The Hammond Solovox attempted to add some capability to a standard piano by mounting a small electric analog synthesizer underneath the piano's keyboard. It could produce just one note at a time, so chords were an impossibility, which is what they mean by "SOLO-vox" the term "solo" is still used today to describe a patch in a synthesizer intended to be used for single melodies over chords played by another instrument.When you dial up one of these sounds on a modern synth, more often than not, the synthesizer will only produce one note at a time, nomatter how many keys you press. This is intended to mimic the functionality of old instruments as well as conventional ones. A flute, for example, can only do one note at a time.

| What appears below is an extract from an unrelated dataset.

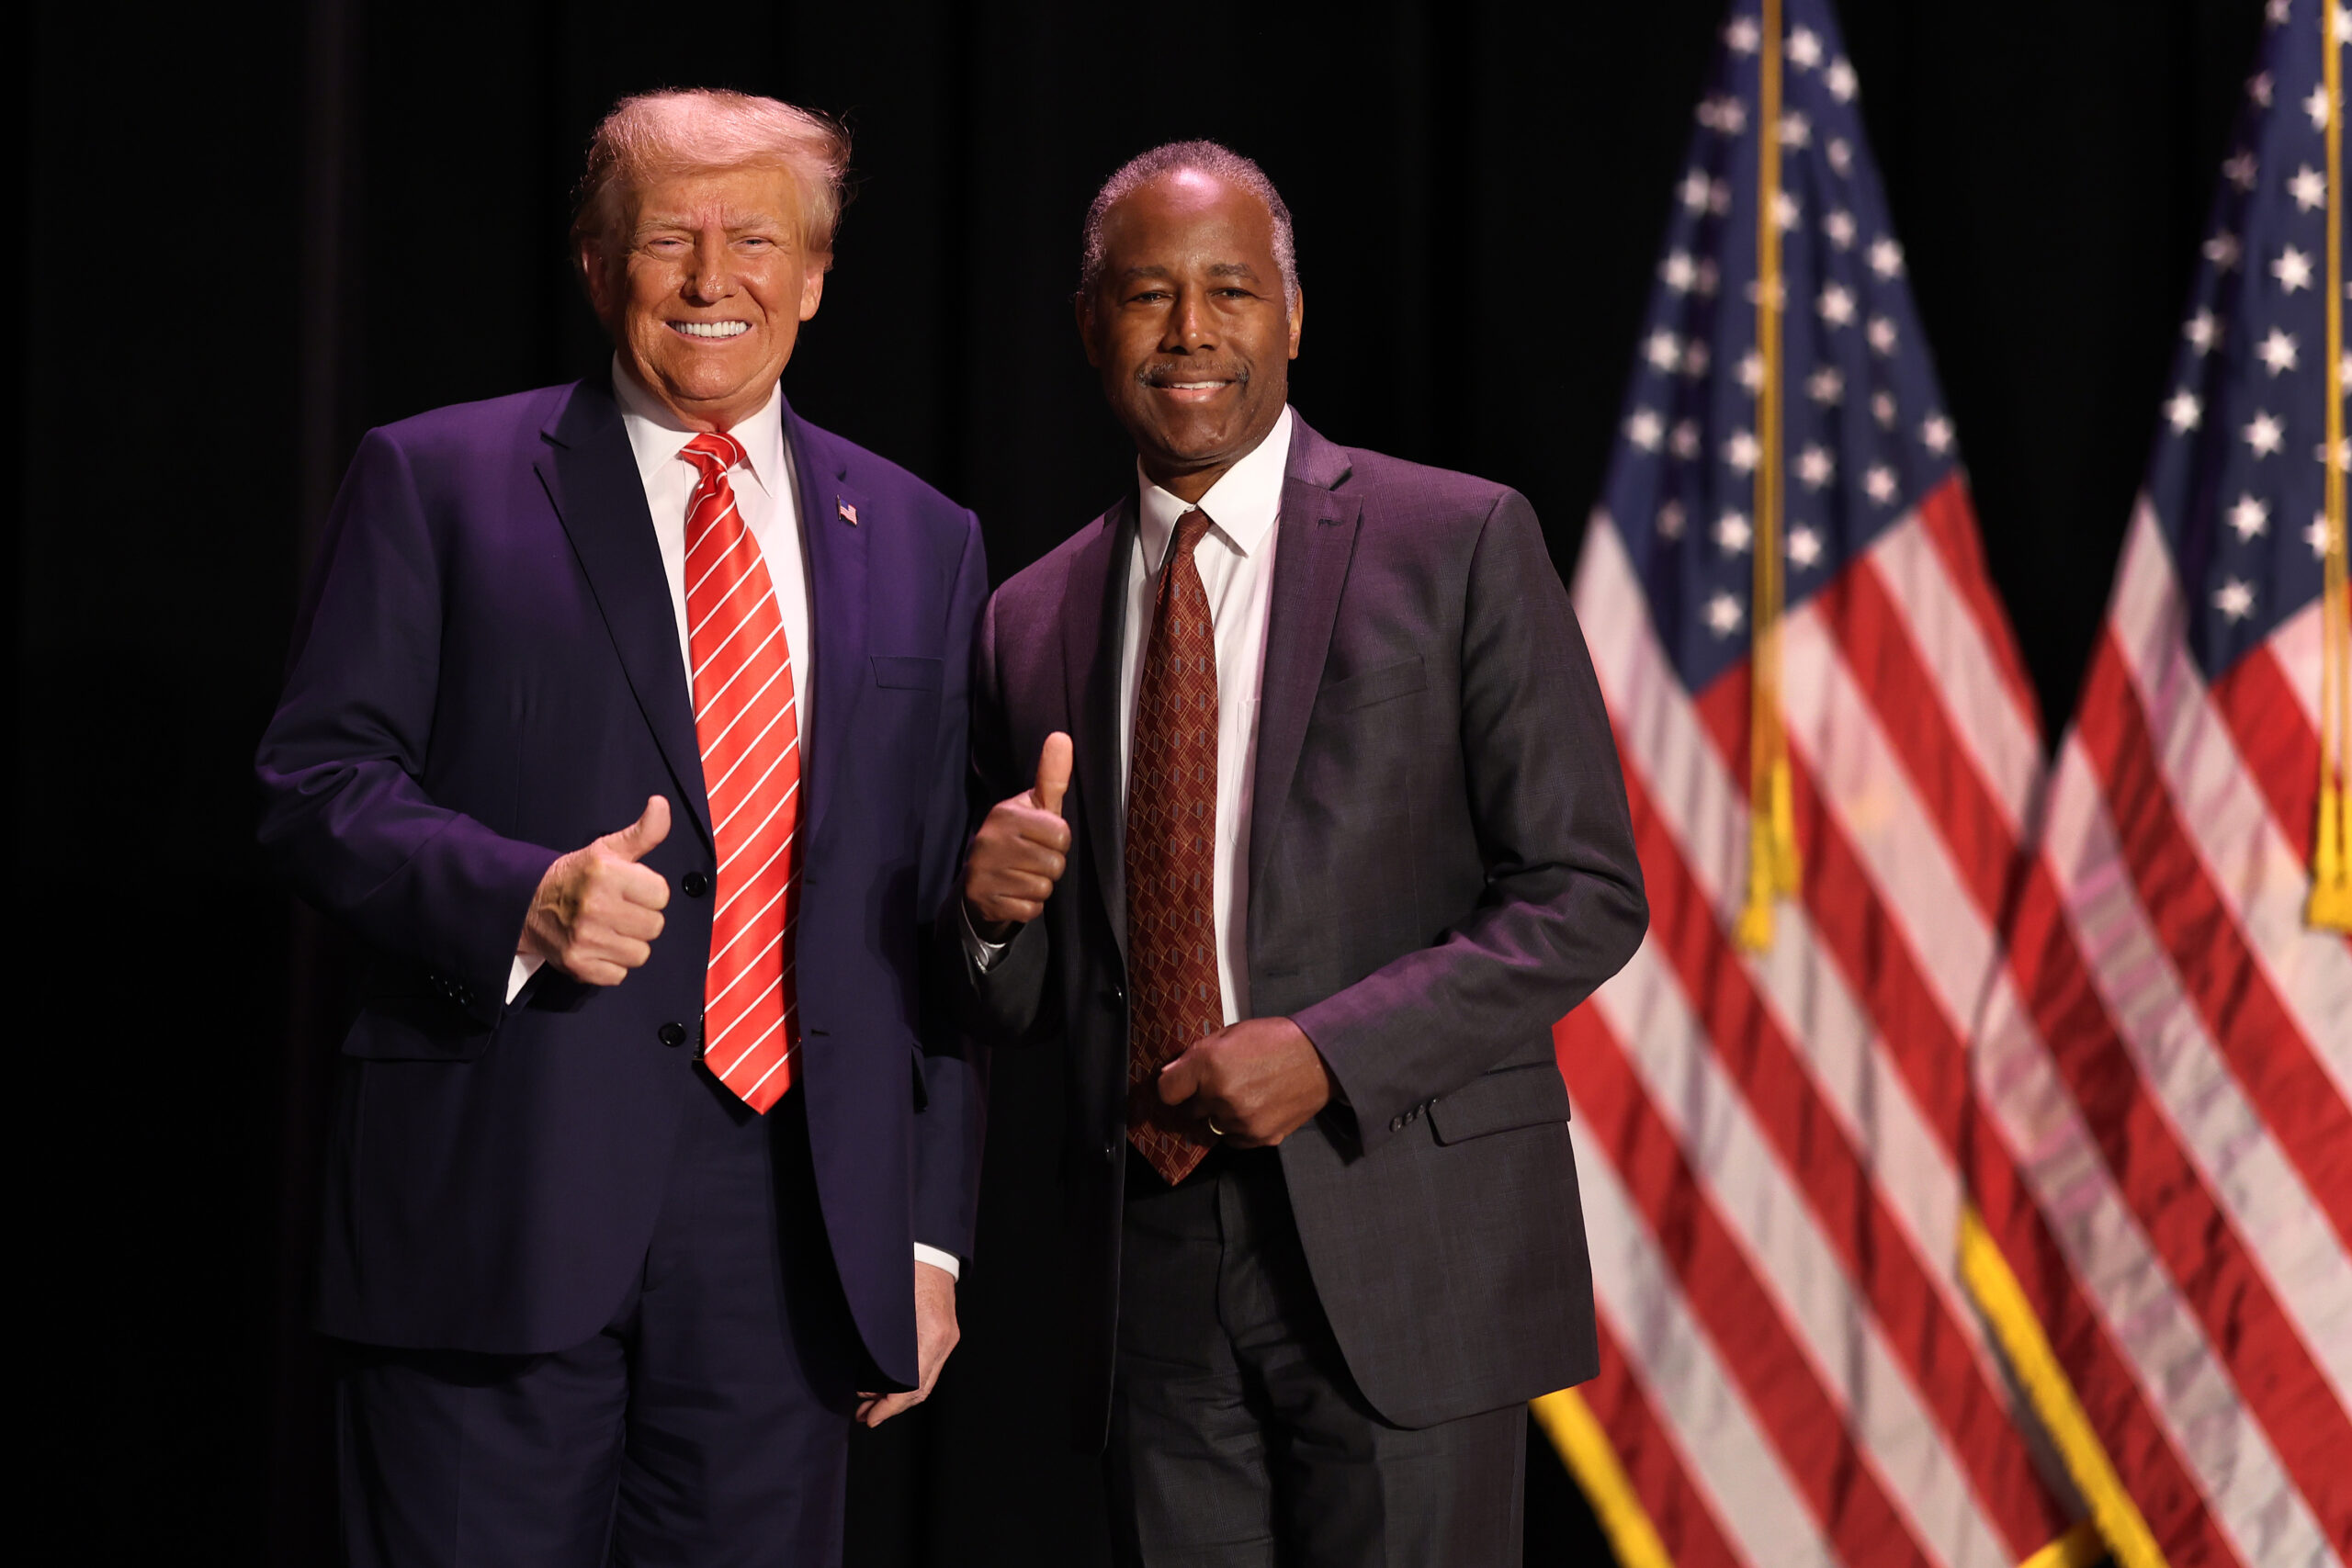 Ben Carson Endorses Trump For President: ‘Biggest Threat To The Administrative State’

There were two main components to the Solovox: the keyboard and the sound generator unit, connected by a few cables. Sounds were produced by an oscillator, tubes, and a speaker. The tone cabinet is very shallow, clearly intended to fit underneath the piano without kneecapping the musician. The sound is something like a viola with a bad cold. The Solovox's keyboard (or "manual" in organ-speak) could be played with either hand, thanks to what looks like a limited amount of horizontal adjustability. Twelve square toggle switches on the front of the keyboard changed the voice of the Solovox to simulate anything from an unhealthy viola to a sick cello.
I can't find any pricing info for the Solovox, but it was produced from 1940 to 1948. I'll assume it cost a crapload of money, making this a toy for the rich, or a well-funded church.

"But what about MY Christmas present?" says Mom. "Doesn't anybody want to try the trombone?
I can't deny the fun of having more than one sound under your fingers. Years ago, I had a pile of terrible Casio-grade electronic keyboards, and I used to put one on top of the other so I could play them simultaneously in different combinations. This is really fun, and teaches you how waves overlap and effect each other. Now that I'm a big man and have a few shekels to spend on my hobby, I have a big Roland workstation. It's a very powerful instrument, which lets you do almost anything you can think of, including splitting the keyboard into two different instruments. technically, this is the same as having two keyboards, but it's just not as quick or fun as dialing up two sounds on different devices and hearing the sounds pulse against each other to make a new sound that, combined in your ear, exists only in your head. Wooo. Freaky!